First: The browser connection with your server closes the moment the HTTP request is completed. When you load a web page, as soon as the page is loaded, your connection with the server is closed. Nitpicky distinction, but it's important to understand it.
Now, for your use case, there's two solutions, both of which have already been suggested: Ajax polling and websockets. Here's a high-level breakdown.
Ajax polling doesn't keep a connection open with your server. It's just a little setTimeout loop that creates a NEW connection (ajax request) with your server every couple seconds. Your server can only communicate with users during the ajax request.
Websockets keep an actual TCP connection open with your server. Data can flow both ways, continuously and freely. Your server can communicate with users whenever it wants.

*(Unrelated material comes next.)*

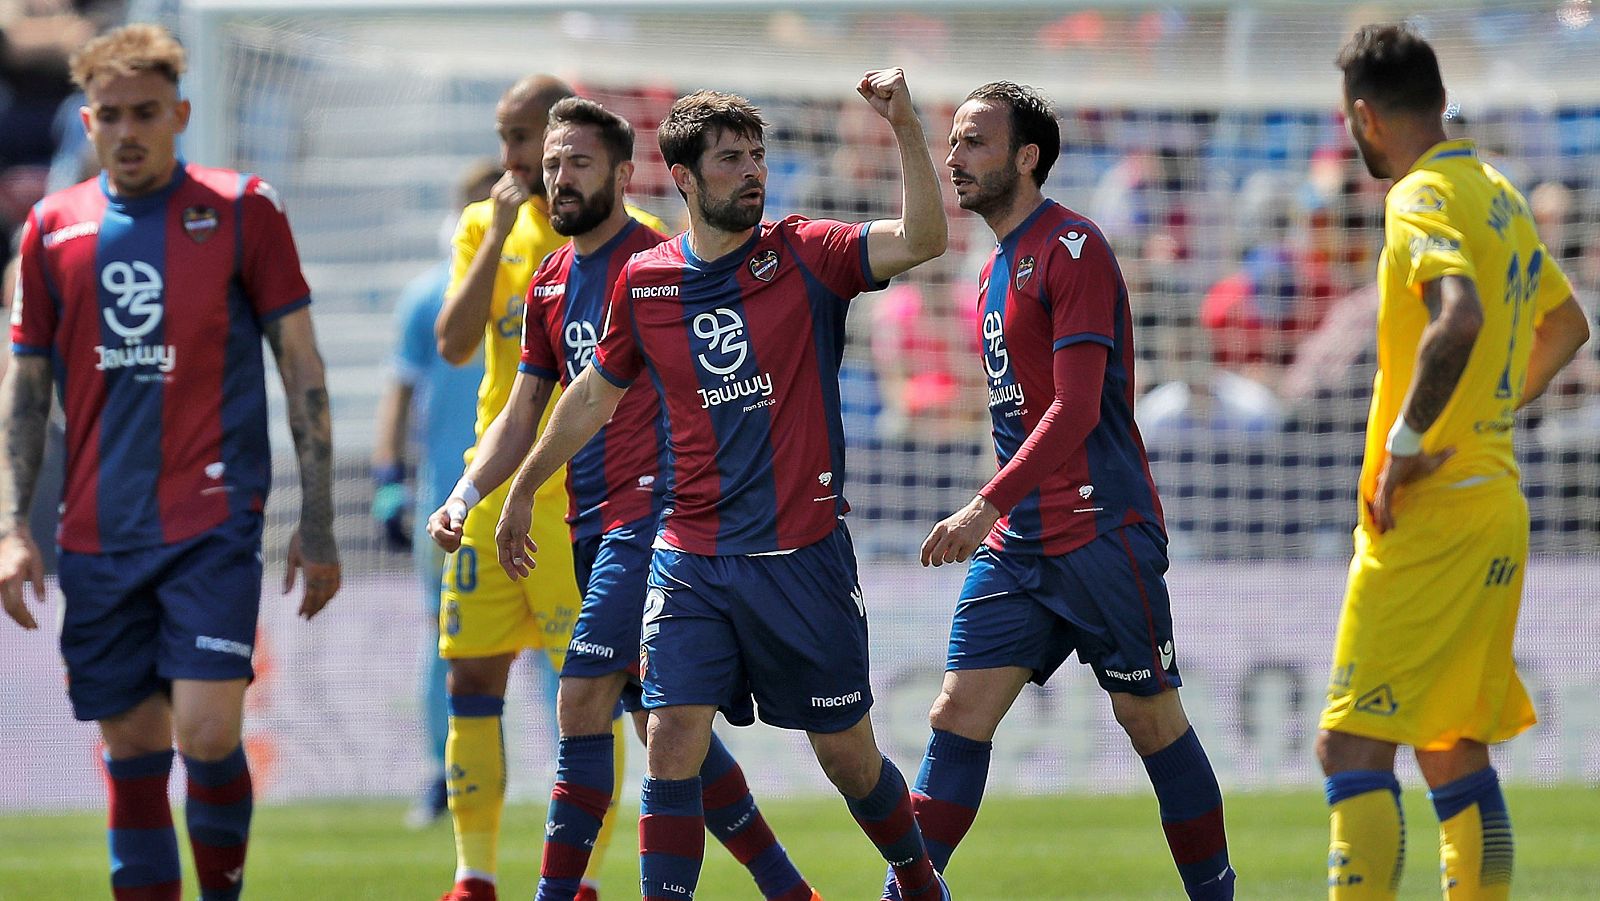 El defensa del Levante "Coke" (c) celebra tras haber marcado el primer gol de su equipo contra el UD Las Palmas.

The big difference here is that, with ajax polling, your server can only communicate with the browser in its responses to each ajax request. With websockets, the server can communicate with the browser at any time. Think about a chat room: with websockets, the server can send chat messages to all users the moment the messages arrive. With ajax polling, the server can't send messages to users until the users make their ajax request (at which point the server sends the messages in the response to the ajax request)
Ajax polling is compatible with (basically) all browsers and any server. Websockets are not supported in older browsers, and require an async server like nodejs or tornado. Ajax polling is much easier to implement than websockets (websockets aren't really that difficult, but it's not exactly trivial to get them communicating with your server properly)
Based on the use case you've described, I would use ajax polling. Your server doesn't need to send notifications/updates to users in a continuous, real-time fashion. You just need browsers to tell your server if the page is still open.
So, IMO, stay away from websockets for this. Unless there is part of your use case that you haven't stated here, that involves the server needing to send real-time updates to users. If your server needs to send updates to users, but it doesn't need to be real time (for example, maybe a 3-second delay is acceptable), ajax polling will be adequate.
Also, as was suggested in this thread: when you store this information, avoid disk writes. If you have a thousand users on your site, all making ajax requests every couple seconds, you would be generating hundreds of disk writes per second. Not good. The information you're collecting from browsers here, it needs to be stored in memory and written to disk later, in batches.
Good luck.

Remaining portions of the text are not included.